Please consider following table
Table Name: mytable
model_id | event_name | time_of_event |
---|---|---|
9 | CREATE | 2016-01-01 00:00:00 |
9 | UPDATE | 2016-01-01 01:00:00 |
9 | DELETE | 2016-01-01 02:00:00 |
3 | CREATE | 2016-01-01 03:00:00 DUPLICATE |
3 | CREATE | 2016-01-01 03:00:00 DUPLICATE delete this |
3 | DELETE | 2016-01-01 04:00:00 |
How to delete 5th entry from above table i.e. delete row with exactly same value from table. In above example no column is unique.
Please keep in mind that database could be huge and I don't want to recreate or republish data with distinct values into the table.
// Use below code to create above example
CREATE TABLE mytable(
model_id integer,
event_name varchar(7),
time_of_event timestamp
);
INSERT INTO mytable
(model_id, event_name, time_of_event)
VALUES
(9, 'CREATE', '2016-01-01 00:00:00'),
(9, 'UPDATE', '2016-01-01 01:00:00'),
(9, 'DELETE', '2016-01-01 02:00:00'),
(3, 'CREATE', '2016-01-01 03:00:00'),
(3, 'CREATE', '2016-01-01 03:00:00'),
(3, 'DELETE', '2016-01-01 04:00:00');
SELECT * FROM mytable;
CodePudding user response:
Having two or more rows with identical values is a sign of very bad design. I suppose model_id
is the table's primary key. I wonder how did you end up in this situation.
I don't want to recreate or republish data with distinct values into the table.
One possible solution is to add (not recreate/republish) a column with unique values to your table, then delete the duplicate rows you want.

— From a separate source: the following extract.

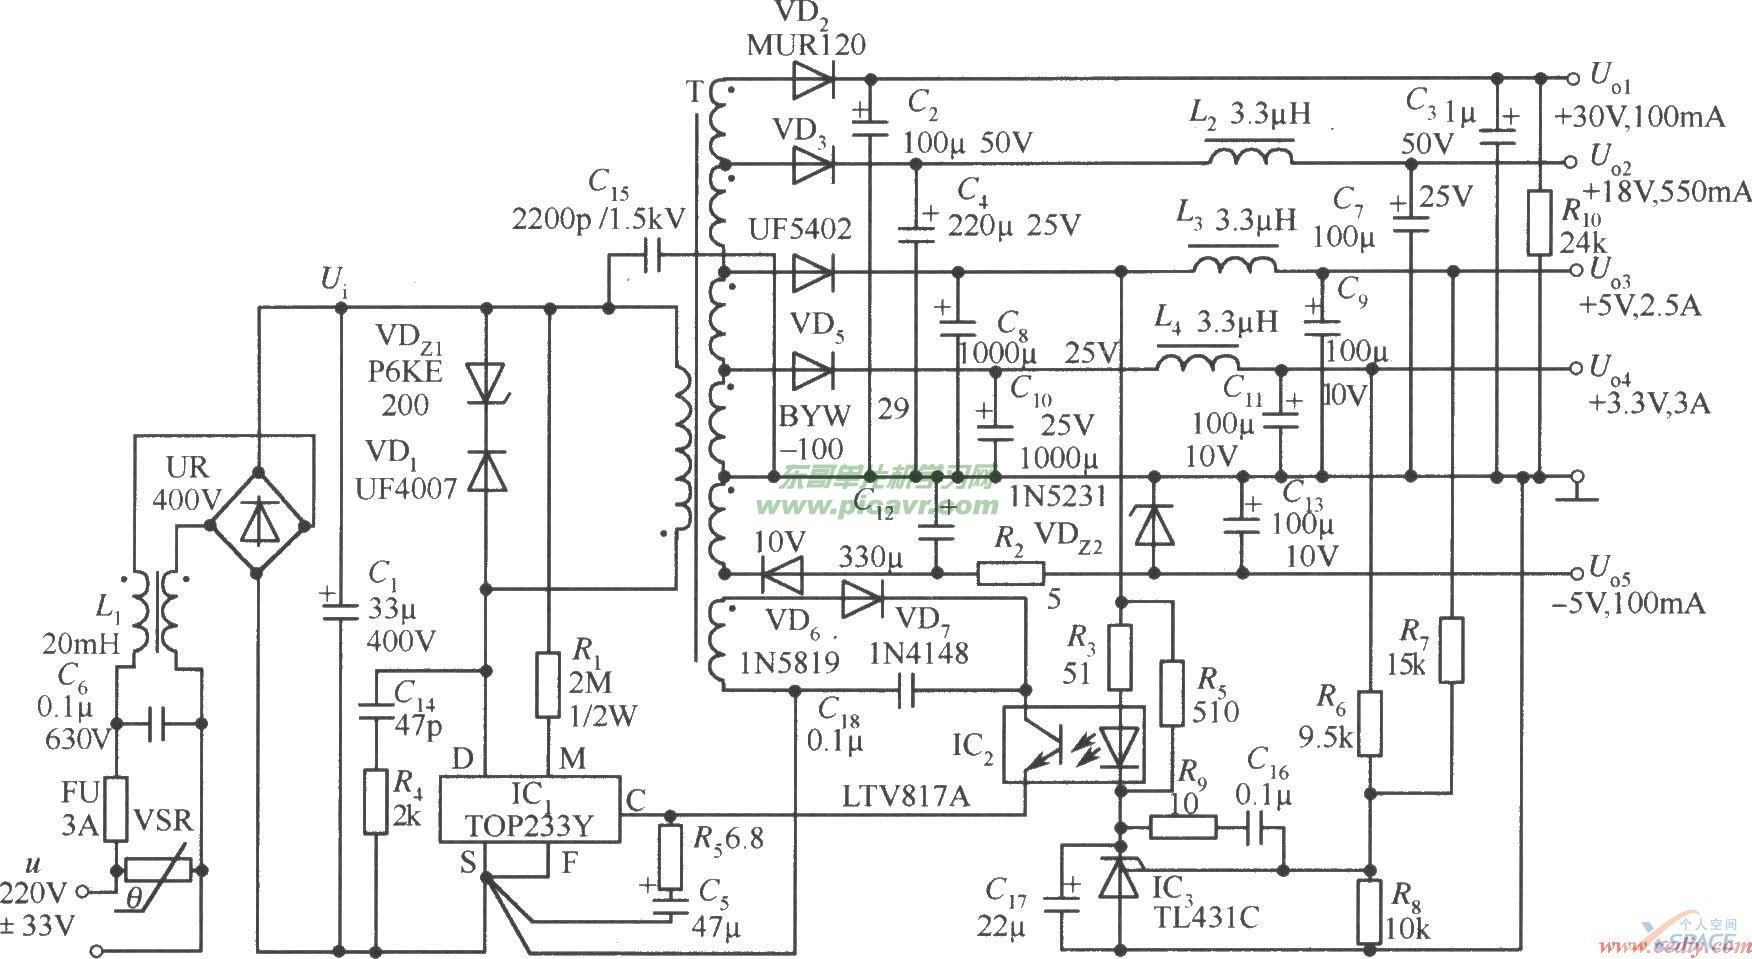 电路图这5路电压分别为:uo1(+30v,100ma),uo2(+18v,550ma),uo3(+5v
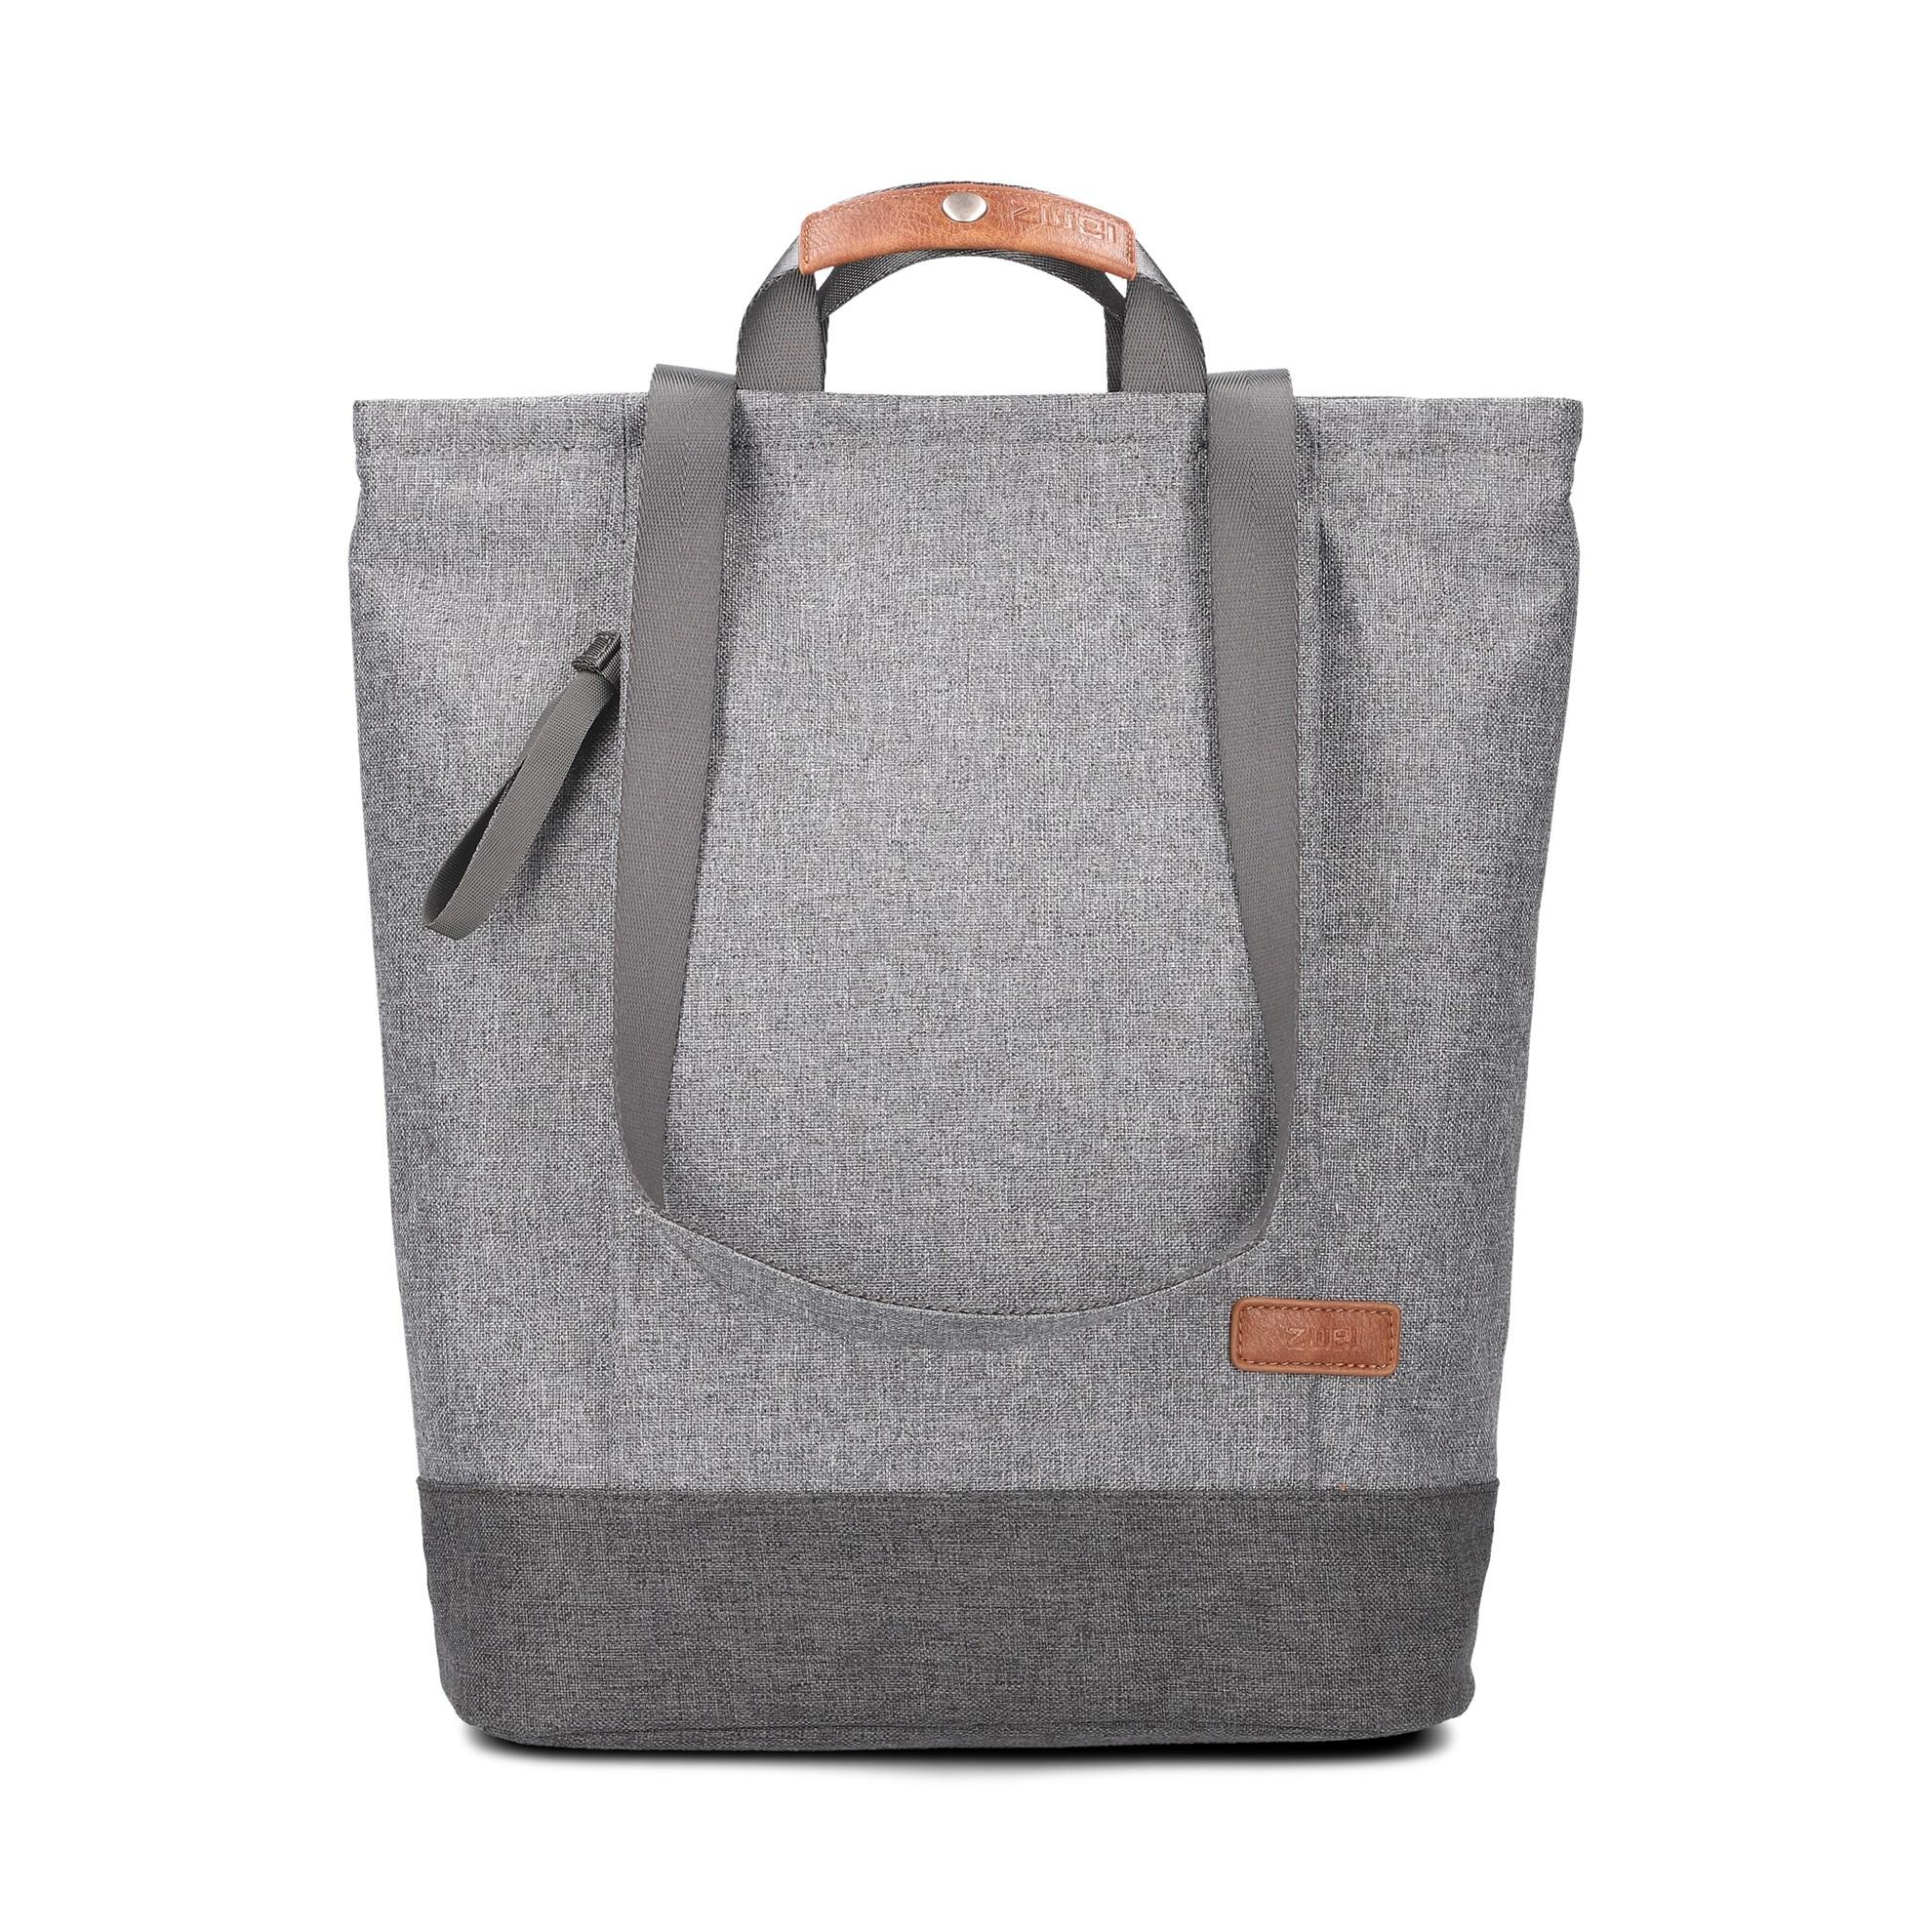 Batoh/taška přes rameno ZWEI BENNO BE140_0

ALTER TABLE mytable ADD COLUMN MyTableID INT;
You need to fill this column with unique values:
SET @i := 0;
UPDATE MyTable SET MyTableID = @i:=(@i 1) WHERE 1=1;
Next, you can write the following query:
SELECT
MT.MyTableID, MT.model_id, MT.event_name, MT.time_of_event
FROM
MyTable MT,
(SELECT model_id, event_name, time_of_event, COUNT(*)
FROM MyTable
GROUP BY model_id, event_name, time_of_event
HAVING COUNT(*) > 1
) TmpTable
WHERE
MT.model_id = TmpTable.model_id
AND MT.event_name = TmpTable.event_name
AND MT.time_of_event = TmpTable.time_of_event
;
Result:
MyTableID | model_id | event_name | time_of_event |
---|---|---|---|
4 | 3 | CREATE | 2016-01-01 03:00:00 |
5 | 3 | CREATE | 2016-01-01 03:00:00 |
You can now proceed with the deletion of duplicate rows:
DELETE FROM MyTable WHERE MyTableID IN (5 /*, the ones you wish */);
If you have too many duplicate values and you can't afford to delete them manually, you can do it like this:
DELETE FROM MyTable WHERE MyTableID IN (/* The previous long query */) LIMIT /* The number of rows of the previous long query - 1 */;
The -1
is to preserve one row of the duplicates. If you want to delete them all, remove the LIMIT
clause.
CodePudding user response:
Try with a helper table that contains the duplicates, but only one each:
With this scenario: ...
CREATE TABLE mytable(
model_id integer,event_name VARCHAR(8),time_of_event TIMESTAMP)
;
INSERT INTO mytable
-- your input data ...
SELECT 9,'CREATE',TIMESTAMP '2016-01-01 00:00:00'
UNION ALL SELECT 9,'UPDATE',TIMESTAMP '2016-01-01 01:00:00'
UNION ALL SELECT 9,'DELETE',TIMESTAMP '2016-01-01 02:00:00'
UNION ALL SELECT 3,'CREATE',TIMESTAMP '2016-01-01 03:00:00'
UNION ALL SELECT 3,'CREATE',TIMESTAMP '2016-01-01 03:00:00'
UNION ALL SELECT 3,'DELETE',TIMESTAMP '2016-01-01 04:00:00'
;
Create your helper table like so:
CREATE TABLE helper AS
SELECT
model_id
, event_name
, time_of_event
FROM mytable
GROUP BY
model_id
, event_name
, time_of_event
HAVING COUNT(*) > 1;
Then, use the helper
table to delete ... you will delete all rows, not only one of the duplicates ...
DELETE FROM mytable
WHERE(model_id,event_name,time_of_event) IN (
SELECT model_id,event_name,time_of_event FROM helper
);
And finally, insert all the rows from the helper
table back in again:
INSERT INTO mytable
SELECT * FROM helper;
COMMIT; -- if your connection is not auto-commit ...
But I'd like to add that, for most database systems, the other approach - to create a new table containing SELECT DISTINCT * FROM old_table
is the faster alternative as soon as we are talking about around 20 to 25 % of the total row count.